Embed their query (same model: Gemini)
Search for similar vectors using cosine similarity
Apply maximum marginal relevance (MMR) re-ranking to avoid clustering around a single source

That third step matters more than it sounds. The naive approach returns the single most similar chunk, then the second-most (often from the same video), then the third. You get lopsided answers—three chunks from the water heater video, zero from elsewhere. MMR balances relevance with diversity, ensuring users get perspectives from multiple videos rather than myopic answers from one source.

The system also respects a minimum similarity threshold. If the highest-scoring chunk scores below ~0.6, the system admits it doesn't know rather than returning a weak match. Confidence thresholds maintain trust.

Response generation

Retrieval returns top N chunks (usually 3-5, depending on thresholds). These chunks get fed to OpenAI's API as context. The model is instructed to:

Answer only based on provided context
Cite which video(s) the answer comes from
Be honest if context doesn't fully answer the question

Responses stream to the user in real-time. With each message, we attach source metadata: video ID, title, timecode, deep link to exact moment.

Technical Decisions

Gemini for embedding, OpenAI for generation. Gemini's embedding model is solid and cost-effective. OpenAI's language model is more reliable for coherent, grounded responses. This meant integrating two API providers—minor operational complexity—but results justify it.

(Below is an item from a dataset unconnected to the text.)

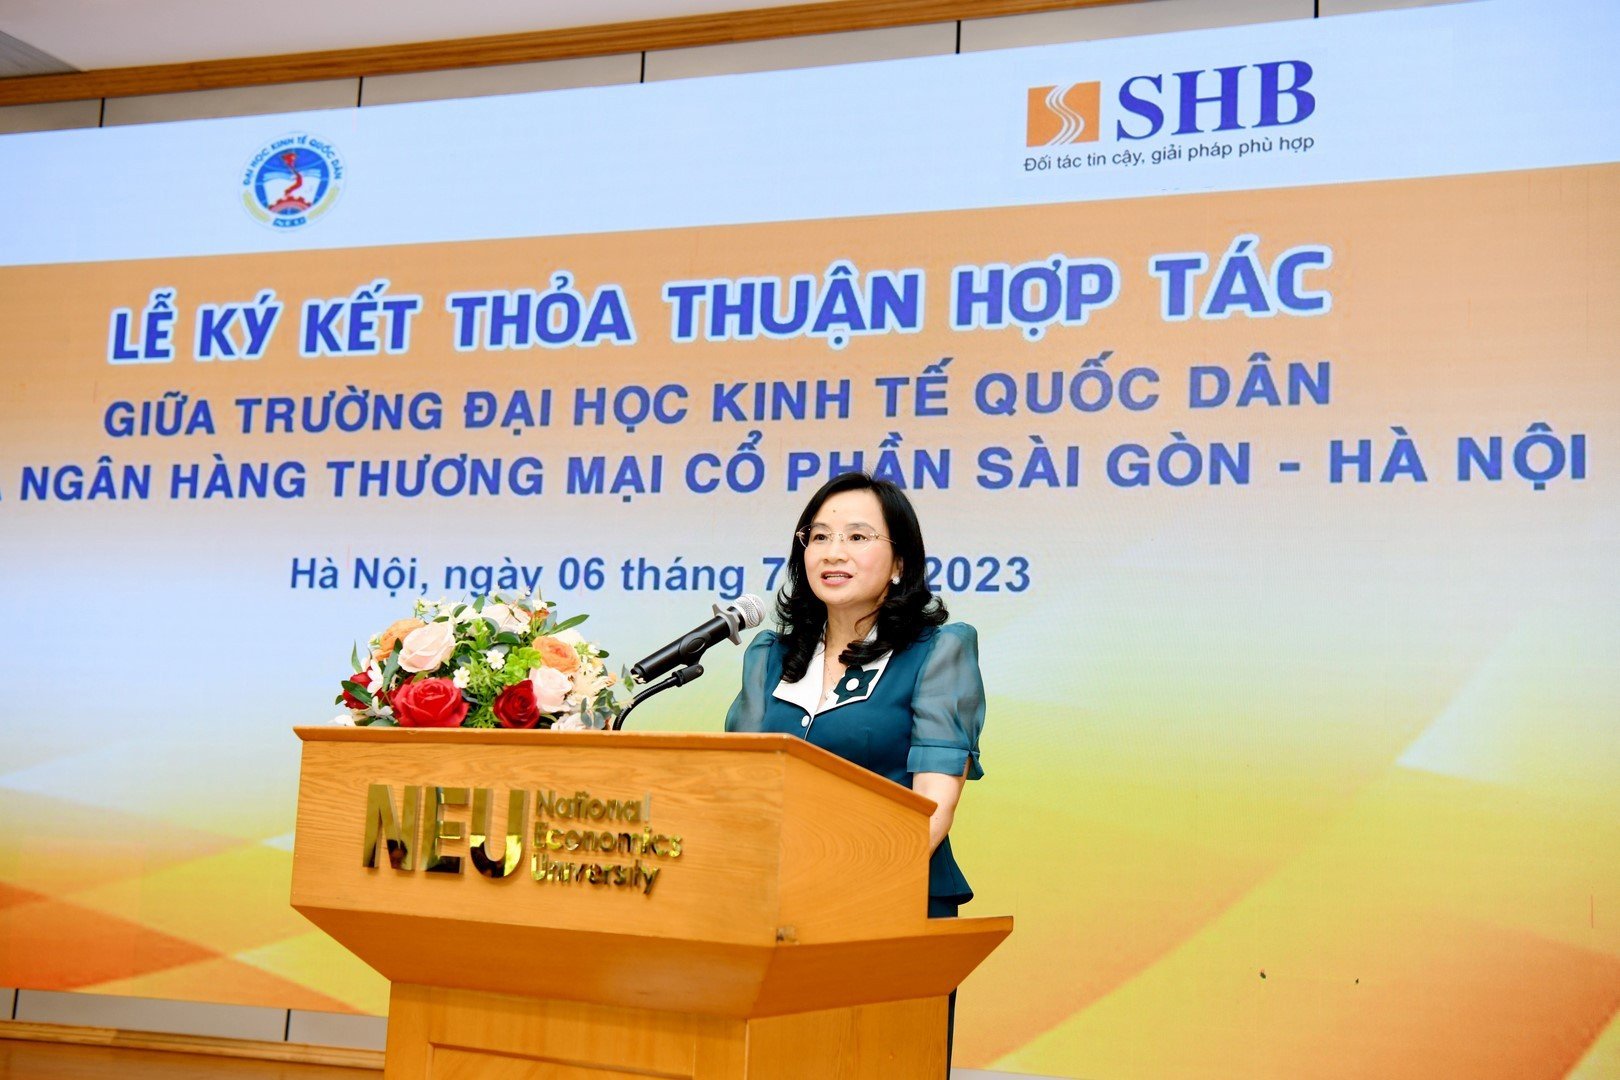 Tổng Giám đốc SHB Ngô Thu Hà hy vọng sẽ đón được nhiều cử nhân tài năng của Trường Đại học KTQD gia nhập đại gia đình SHB

No fine-tuning. Both models run as-is. Fine-tuning requires labeled training data, which I didn't have. The system works well enough out-of-the-box that chasing 3-5% improvements didn't justify the effort or cost.

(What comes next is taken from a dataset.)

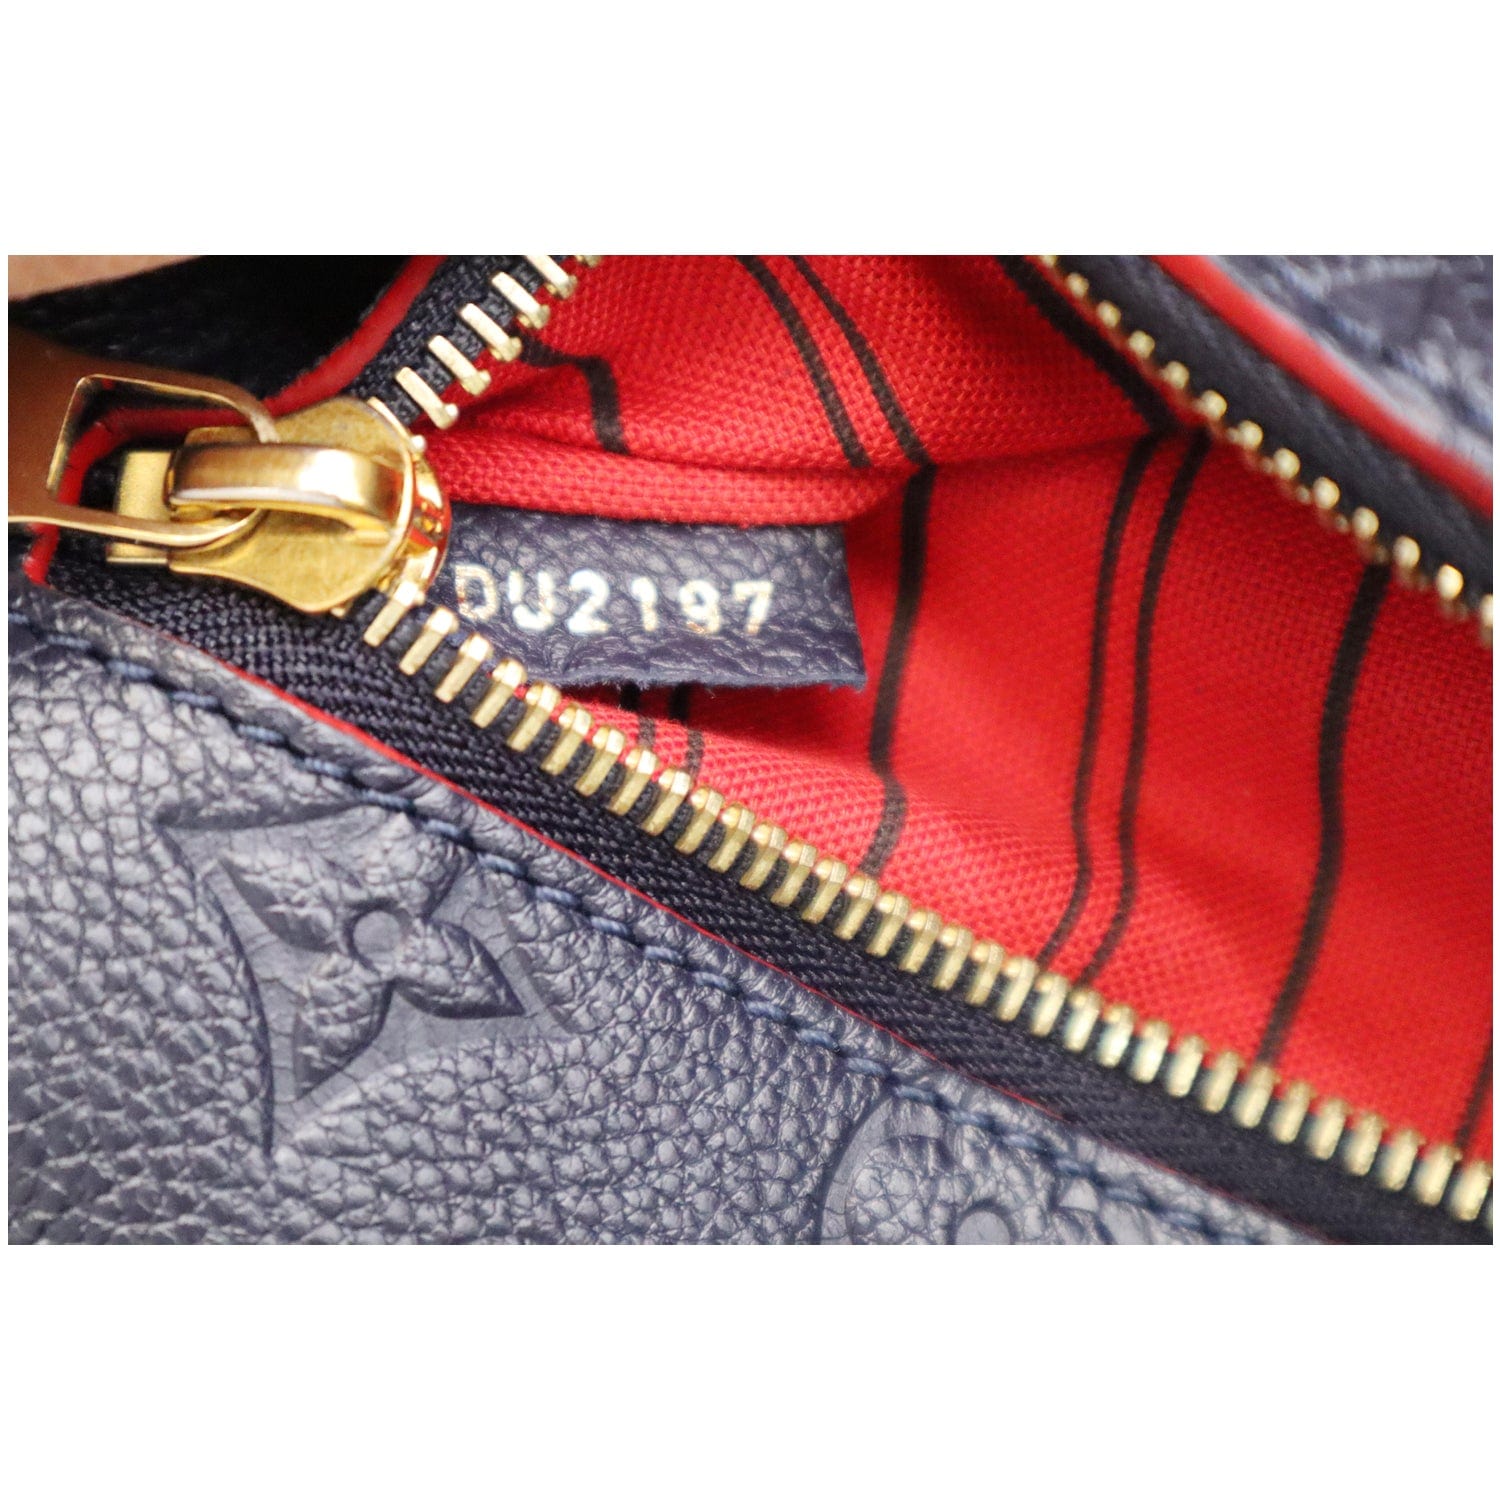 Authentic Louis Vuitton Speedy 25 Bandouliere Empreinte Marine Rouge

Serverless database. Using Supabase (serverless Postgres) instead of self-hosted. Elastic scaling, no infrastructure management. Trade-off: each query incurs cold-start latency, but acceptable for this use case.

Conversation history separate from retrieval. Every message gets stored in the database, but retrieval only looks at the current query, not full conversation history. This is deliberate—including full history in retrieval introduces noise and hallucinations. The model can reference earlier parts of the conversation through its context window.

Next Steps to Level Up

I'd like to experiment with more aggressive semantic chunking. Current approach works, but smaller, more focused chunks would improve specificity.

I'd also invest more in prompt engineering. The system's default instructions are relatively generic. Tailoring to LTV context—emphasizing safety, model-specific answers, etc.—would make responses more useful.

The MMR re-ranking works, but tuning is somewhat arbitrary. A/B testing different lambda values and threshold settings would dial in the optimal balance between relevance and diversity.

Why This Matters

This project is fundamentally about respecting user time and attention. Customers don't want to sift through a library. They want an answer. They want to verify it. They want to move on.

The AI part is the mechanism—the efficient way to find the right video in a haystack of 115. The real value is that a customer with a problem gets a grounded, verified answer in seconds and can jump straight to the source to see it in context.